The current war are a testing and breeding ground for what is coming soon if we can't get off the path of war instead of law.
I doubt that automated AI weapons will be any worse than dumb weapons in that regard, which carries obscene costs in civilian lives.
Dumb weapons and anti-personnel mines are a good case study for where automated drones weapons are headed. Even though out 8 out 10 dead from anti-personnel mines are civilians, the US, China and Russia has never been signatories on the Ottawa convention that bans their use, and Russia in particular uses them prolifically. As the world grows increasingly unstable, the outcome has been for nations to withdraw from the Ottawa convention, especially countries bordering Russia.
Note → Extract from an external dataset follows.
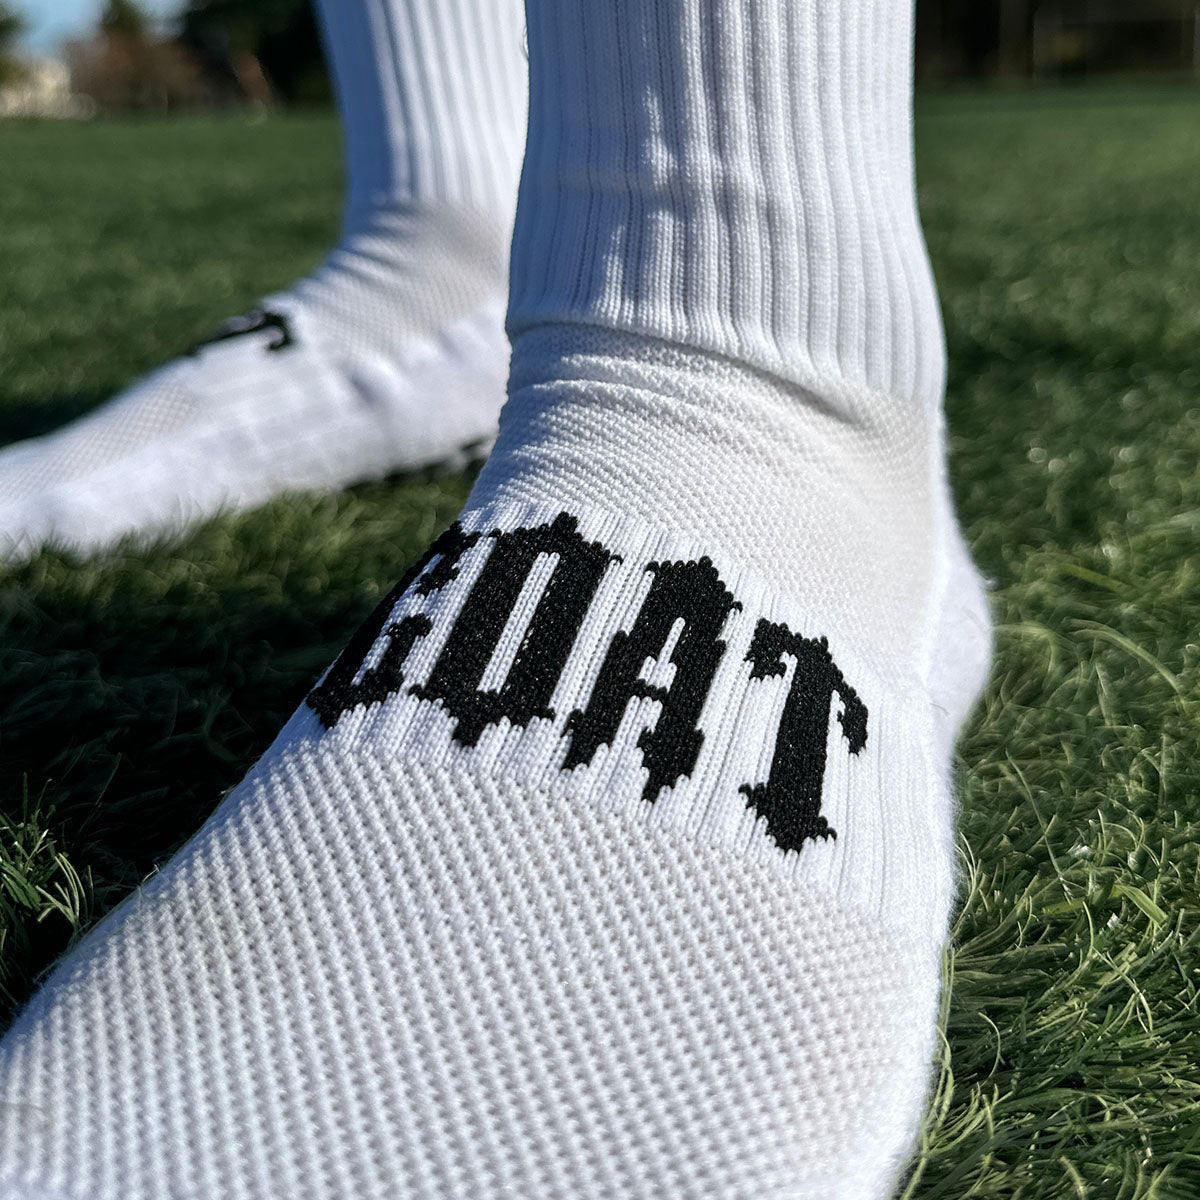 MEDUCA "GOAT" Grip Socks 3-PACK

The same will be the case for automated weapons and in particular drone warfare. As they are deployed, nations will respond to their use by adopting them. First the countries attacked by such weapons, then nations who feel threatened and then it will cascade to everyone else as it becomes the reality of warfare.
The only possible way to do something about that is for the world to become more stable and for diplomacy to be predictable and respected, so that conventions are possible. This is not the direction the world is headed in, and I see no reason to believe that this trajectory will change. The general ideological consensus now is that since diplomacy is often flawed, it is therefore worthless. Thus the political reality is that kids getting blown up is seen as the hawks as acceptable and by the doves as inevitable, and both are content with that as long as some dude on Twitter affirms that it is everyone else who are wrong.
It's the efficiency that goes up dramatically. AI targeting and attacking with no human in the loop is orders of magnitude faster. Drones as we know them are just the start, AI controlled robots are not sci fi anymore. Not just human like bipeds, there's dog like, and smaller and bigger. It's all becoming real now. Still primitive and almost entirely human controlled which is a severe constraint that will be lifted. The pace of change is so rapid. Sure everyone will adopt it but that doesn't mean it's not far more deadly and destructive.